Как-то зимой 1903 года на лекции по истории Абиссинии Борис Александрович Тураев, устремив взор по обычаю куда-то поверх голов двух своих неизменных слушателей, сказал, обращаясь ко мне: „Вам надо посмотреть это издание Перрюшона: у меня его нет, но в Азиатском музее оно имеется, вы спросите у Лемма“. Трудно было мне, студенту младшего курса, из провинции, преодолеть свою застенчивость и направиться в новую библиотеку, тем более, что, по слухам, для занятий там студентам требовалось разрешение директора.

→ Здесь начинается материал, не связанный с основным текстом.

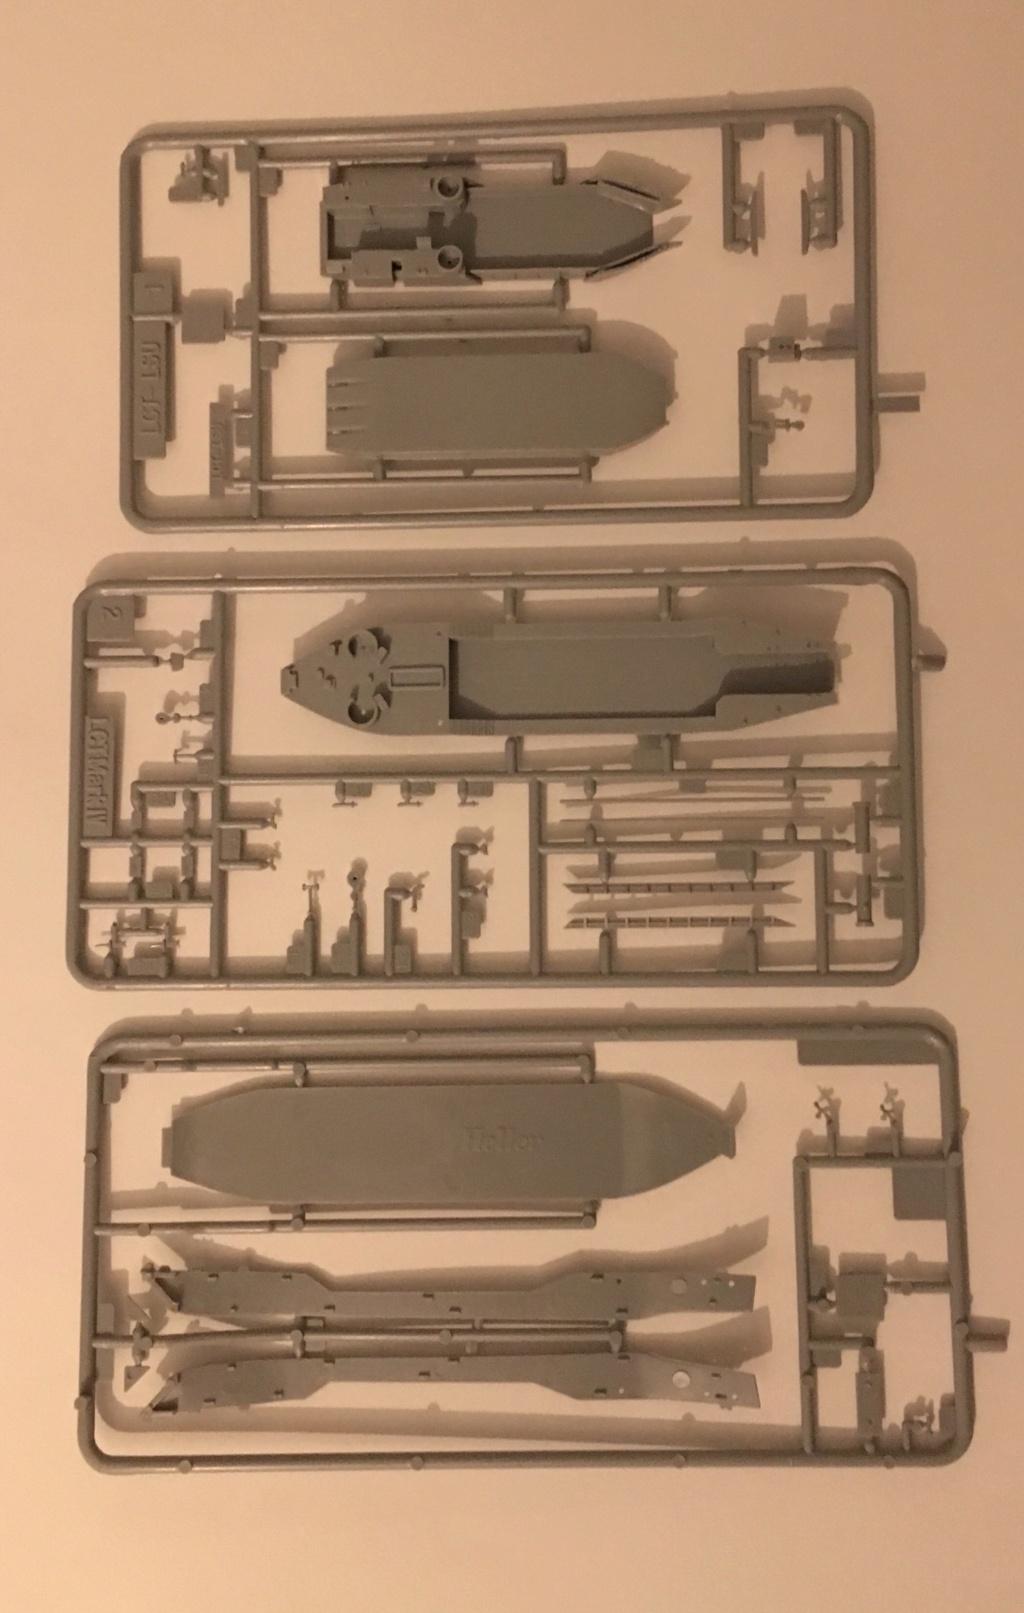 Vente LCT - LSU 1/400 heller 02e60a10

Азиатский музей, в котором давно уже музейного было мало, а хранились только книги и восточные рукописи, находился тогда в старом помещении у главного здания Академии Наук в Таможенном переулке, напротив Музея антропологии и этнографии. Для многих оно было новым, так как музей только года за два до этого переехал сюда из прежнего помещения в другом крыле того же академического здания. Служитель, в обычной тогда академической форме, повесил мое пальто и, поднявшись на несколько ступенек, открыл дверь в комнату направо от входа. В полутьме я плохо разглядел ее сразу. Почти всю ее занимал громадный квадратный стол слева от дверей, за которым никого теперь не было. У противоположной входу стороны стоял низкий, но очень широкий шкаф с бесчисленными отделениями алфавитного карточного каталога, а за ним, как бы на кафедре, возвышалась громадная конторка; там даже днем всегда было темно и во время занятий постоянно горела настольная электрическая лампа.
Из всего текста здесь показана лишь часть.